## About this exercise
Exactly the lines from the one with "France, côte d'azur, Cannes, le" through the end of the data below must be set down, and no pictures with them.

## Given material
>>>
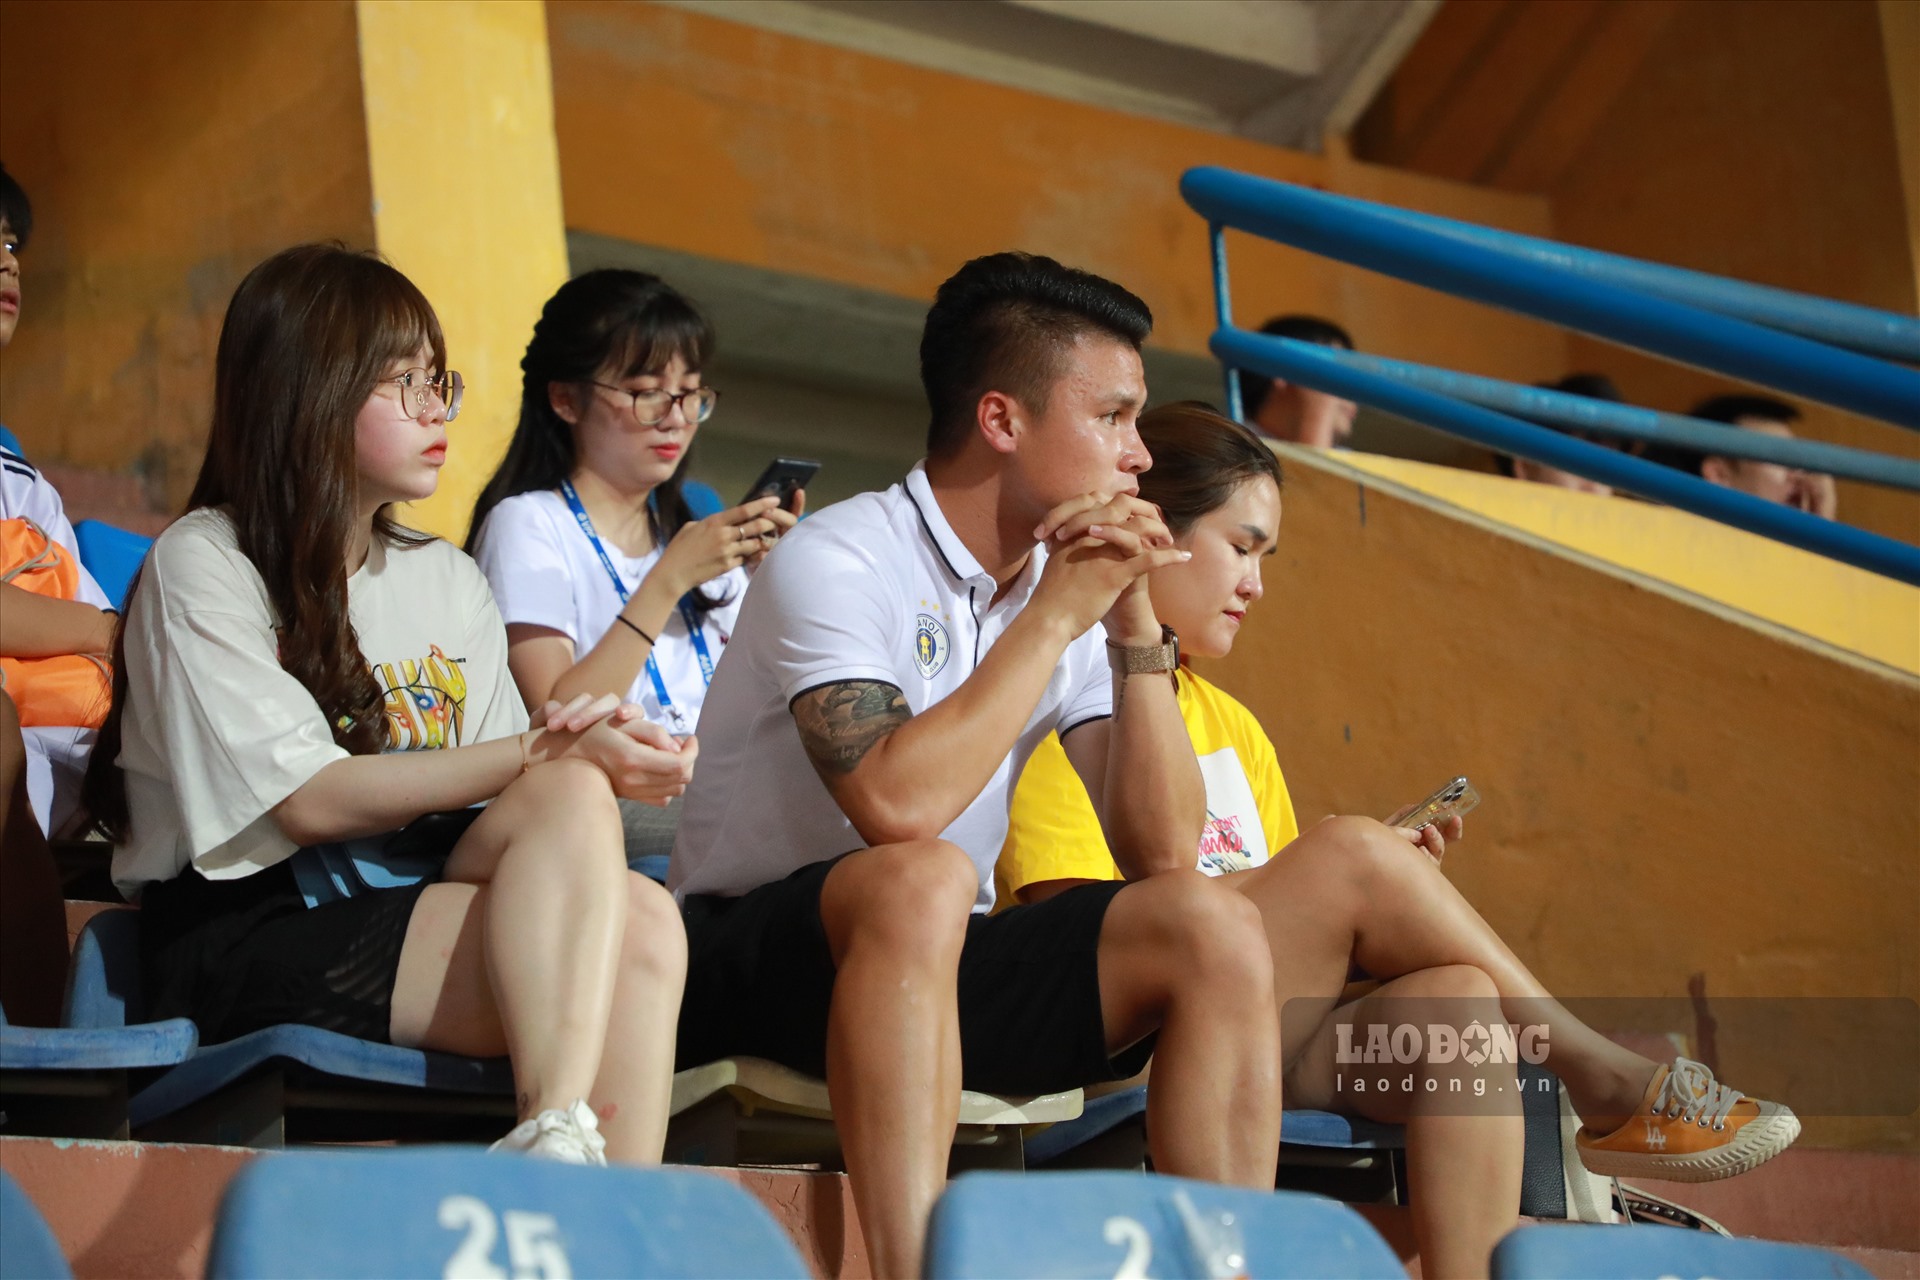 Ở trận này, tiền Quang Hải không được đăng ký thi đấu do dính chấn thương. Cầu thủ 23 tuổi cùng bạn gái Huỳnh Anh xuất hiện trên sân Hàng Đẫy để cổ vũ cho các đồng đội.
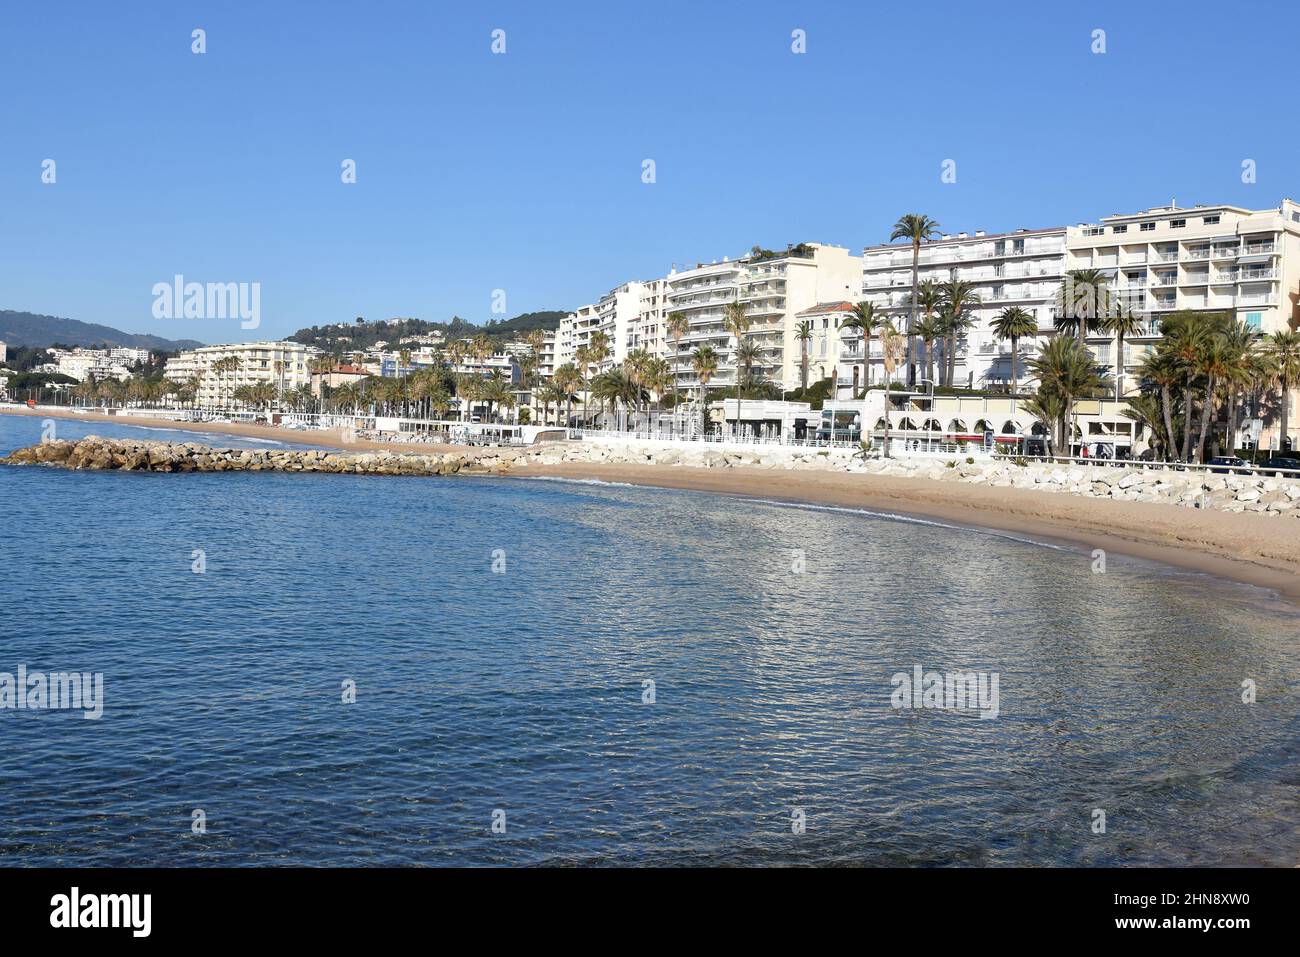 France, côte d'azur, Cannes, le bord de mer sur le boulevard du midi avec ses palmiers et ses plages de sable. Banque D'Images
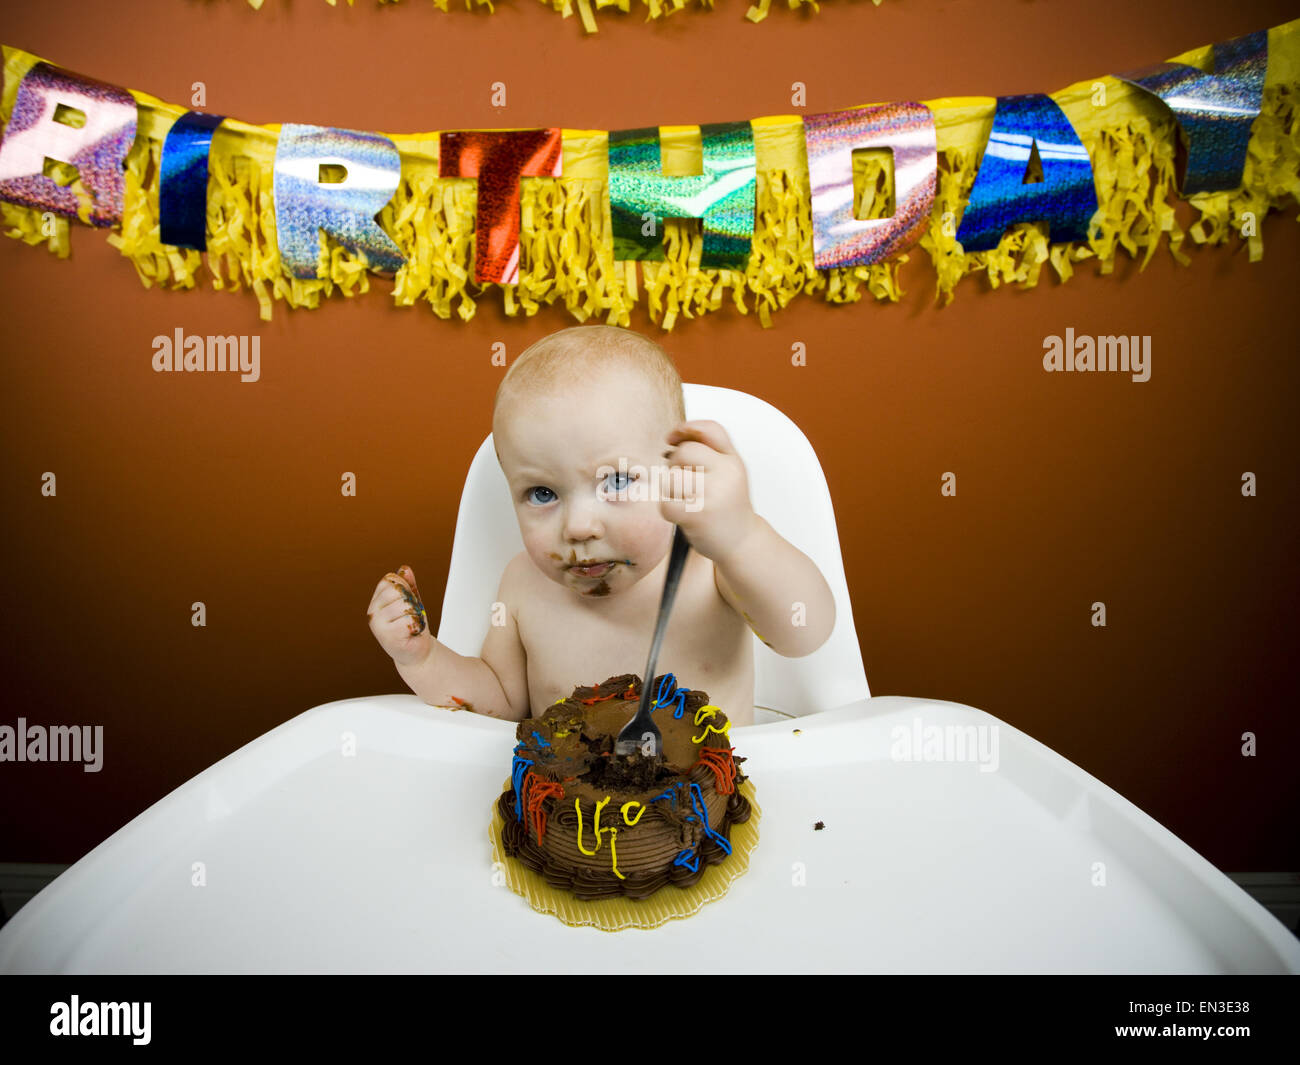 Baby eating birthday cake Stock Photo
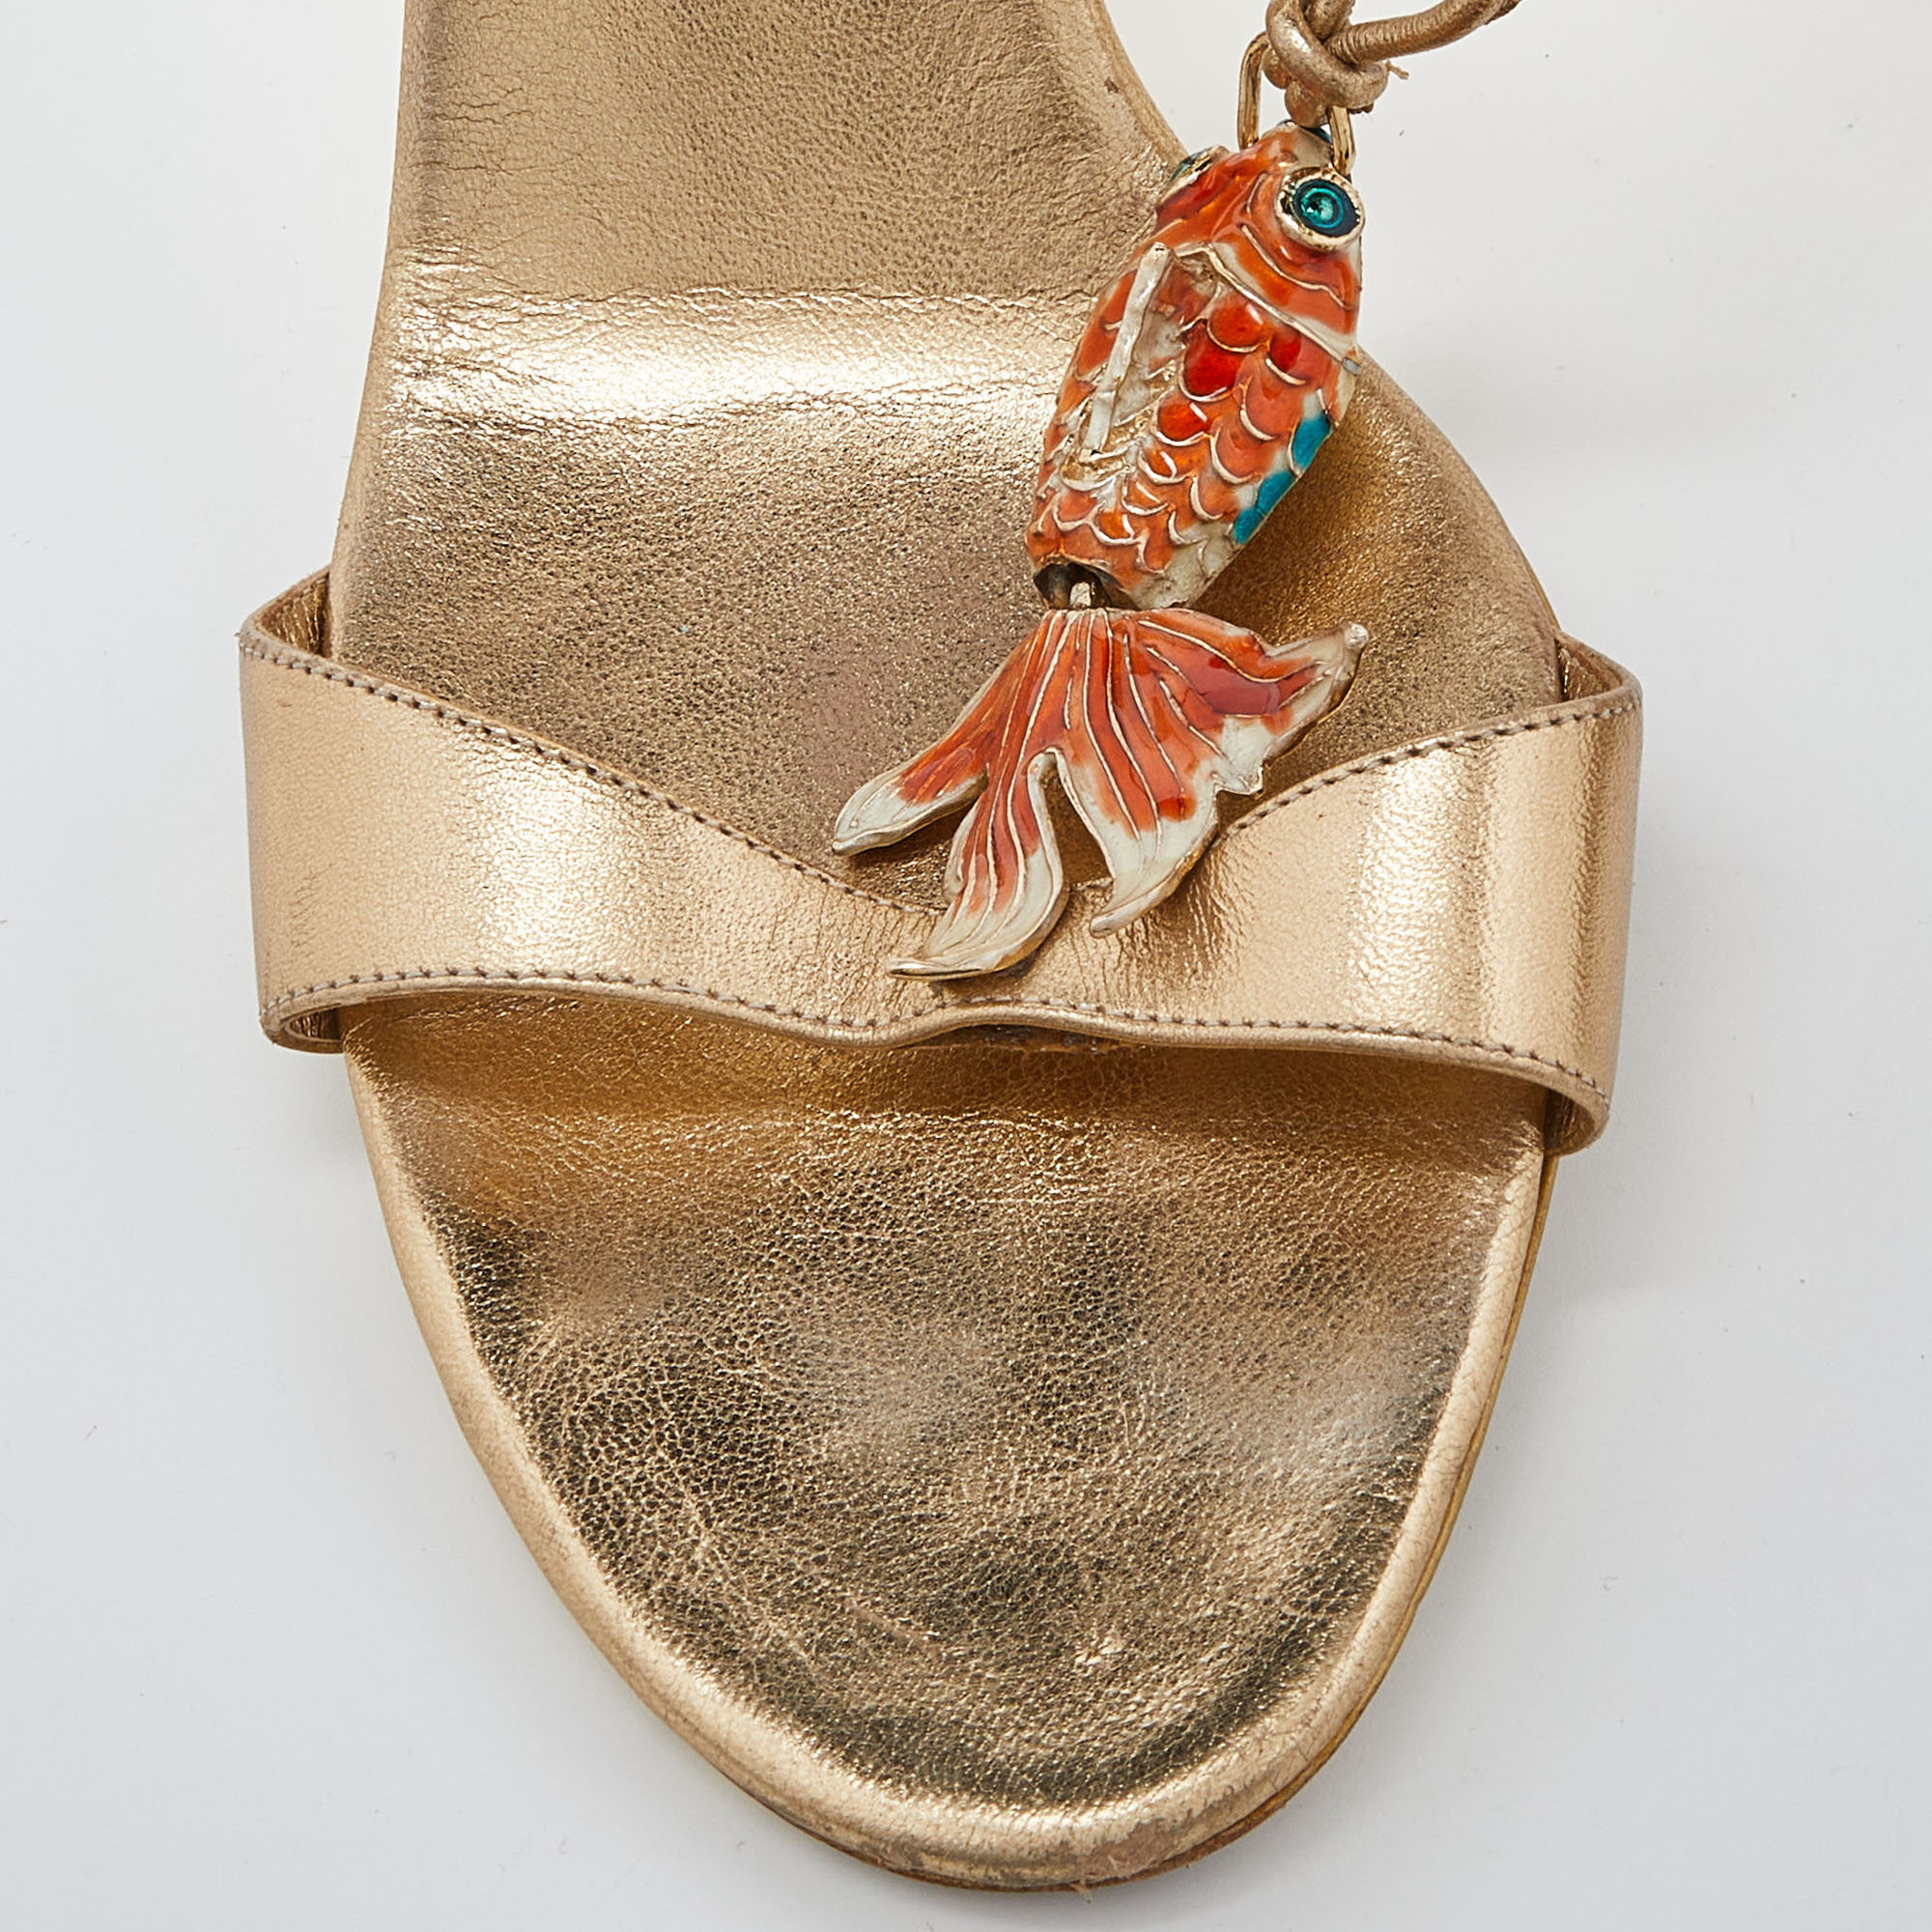 Celine Metallic Gold Leather Koi Fish Embellished Slide Sandals Size 39
<<<
## Response to this exercise
 France, côte d'azur, Cannes, le bord de mer sur le boulevard du midi avec ses palmiers et ses plages de sable. Banque D'Images
 Baby eating birthday cake Stock Photo
 Celine Metallic Gold Leather Koi Fish Embellished Slide Sandals Size 39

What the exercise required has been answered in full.